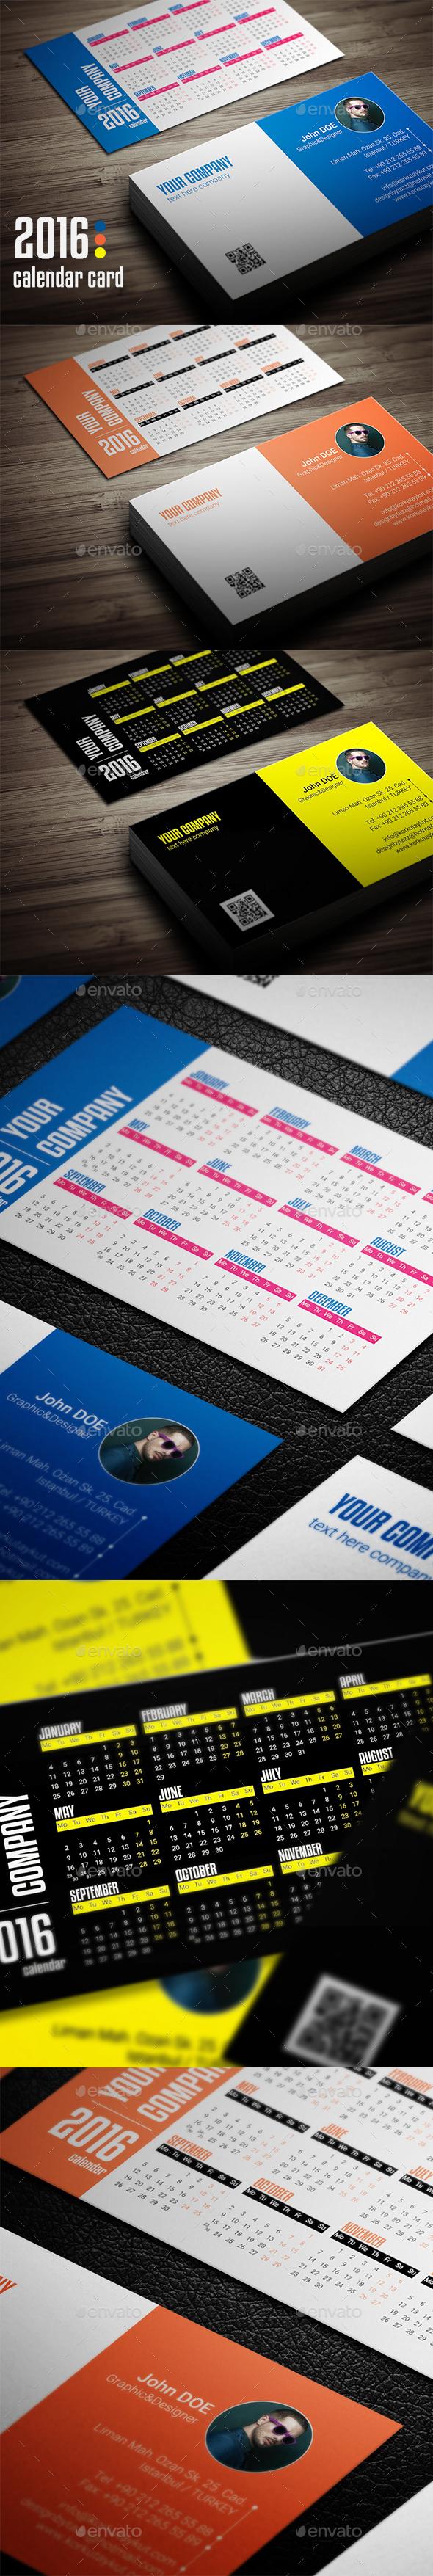 Calendar 2016 Business Card - Business Cards Print Templates
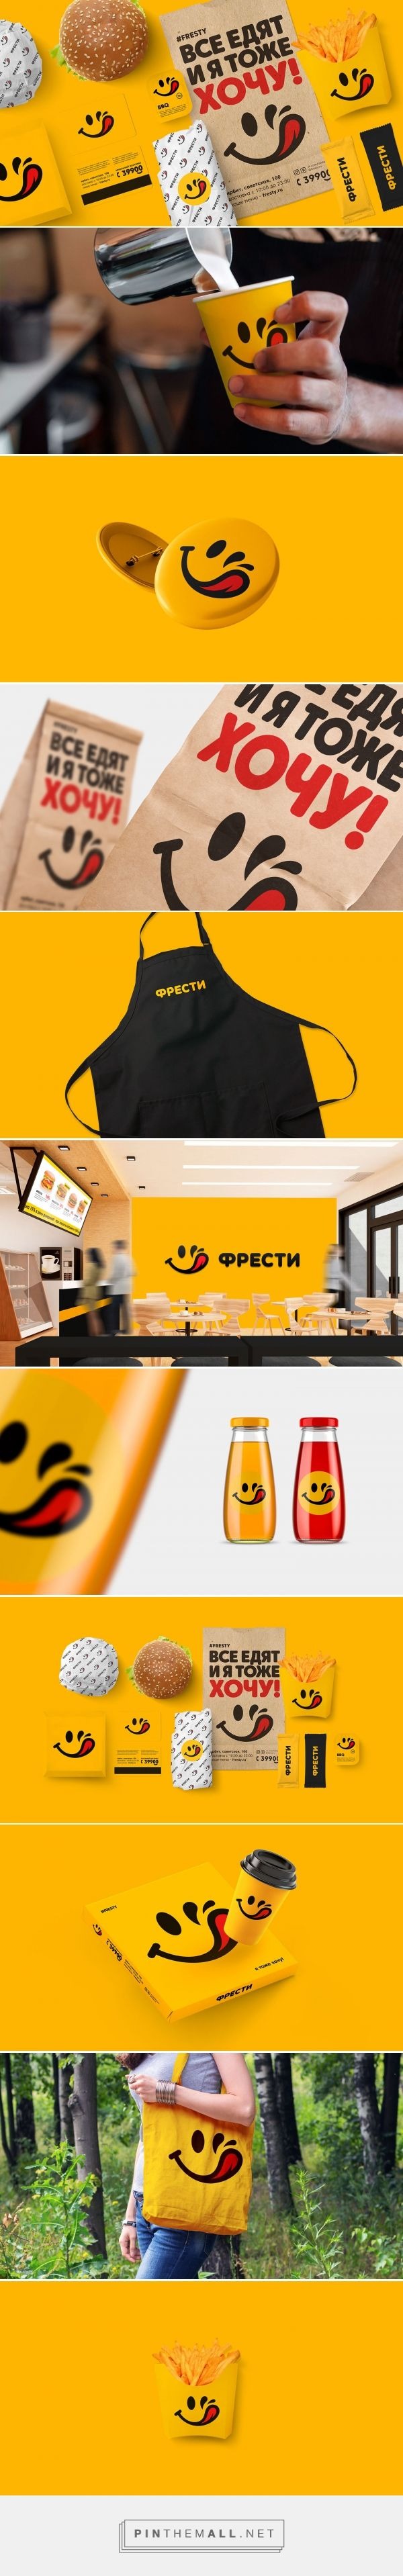 Fast food restaurant decor ideas - Fresty Fast Food Restaurant Branding By Konstantin Polyakov
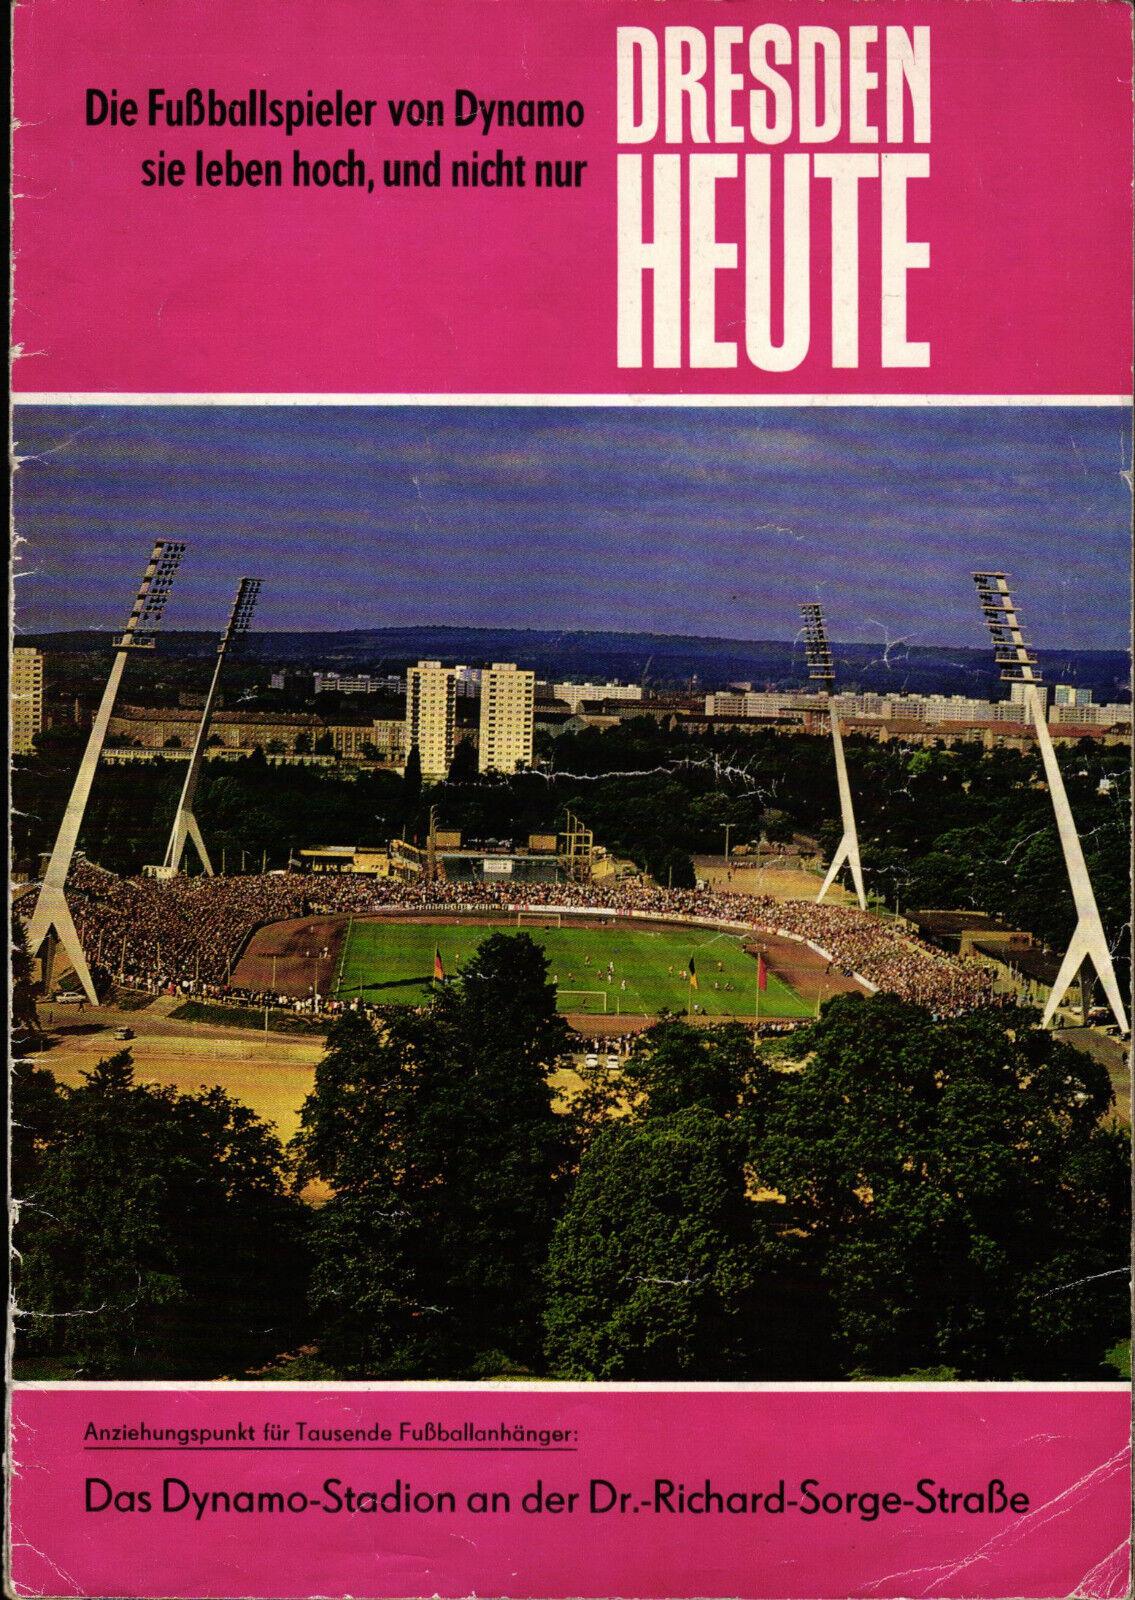 EC I 73 74 74 74 SG Dynamo Dresden - Juventus Turin, DRESDEN HEUTE 20dd67
========================================================================
# YOUR OBJECTIVE
Could you transcribe the material above exactly, keeping every picture out?

# REPLY
 Calendar 2016 Business Card - Business Cards Print Templates
 Fast food restaurant decor ideas - Fresty Fast Food Restaurant Branding By Konstantin Polyakov
 EC I 73 74 74 74 SG Dynamo Dresden - Juventus Turin, DRESDEN HEUTE 20dd67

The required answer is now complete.